At first, Dowd's end of this columnist confab offers the verbal equivalent of the Michelle the Riveter T-shirt: The first lady's arms are "the only bracing symbol of American strength right now ... she could easily wind up and punch out Rush Limbaugh, Bernie Madoff and all the corporate creeps who ripped off America," she says. Then her vision of Super First Lady gives way to one of Michelle as "Ginger Rogers gliding around in feathers and lamé." Forget the stimulus, this sartorial show is all this country needs.
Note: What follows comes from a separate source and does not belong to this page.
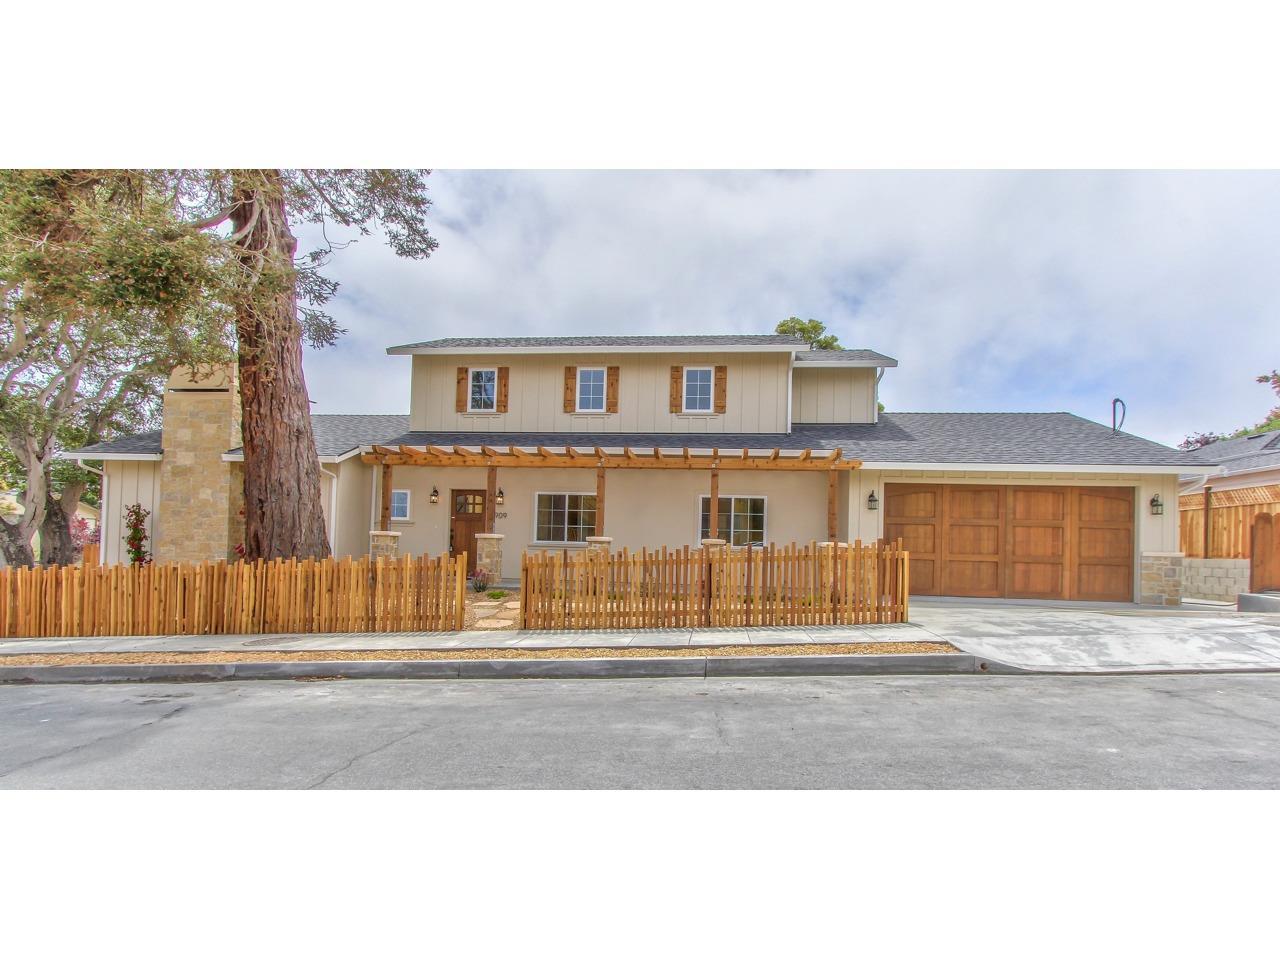 Photo of 909 Wainwright ST, MONTEREY, CA 93940

Brooks, however, is consistent to type and cautions: "She’s made her point. Now she should put away Thunder and Lightning.” Yes, put those guns away, Michelle, you're scaring the poor man. (And his nicknaming each of Michelle's biceps is scaring poor me.) “Washington is sensually avoidant," he continues, as though showing off her buff arms is the equivalent of wearing a deep V-neck with a push-up bra. "The wonks here like brains," he says. "She should not be known for her physical presence, for one body part." If only she could hide the fact that she's a lady, and a strong one at that, then, maybe, the Beltway could take this brilliant and accomplished woman semi-seriously. He finishes off his rant with some sarcasm: "Sometimes I think half the reason Obama ran for president is so Michelle would have a platform to show off her biceps."

This, folks, is the top-notch content the Times wanted readers to pay for. What can we look forward to next Sunday? Maybe Brooks can phone in a columnist gab fest about the New Yorker's long-sleeved first lady cover. Or he can improvise a column based on a conversation with Dowd about Obama's pectorals. We wait with bated breath.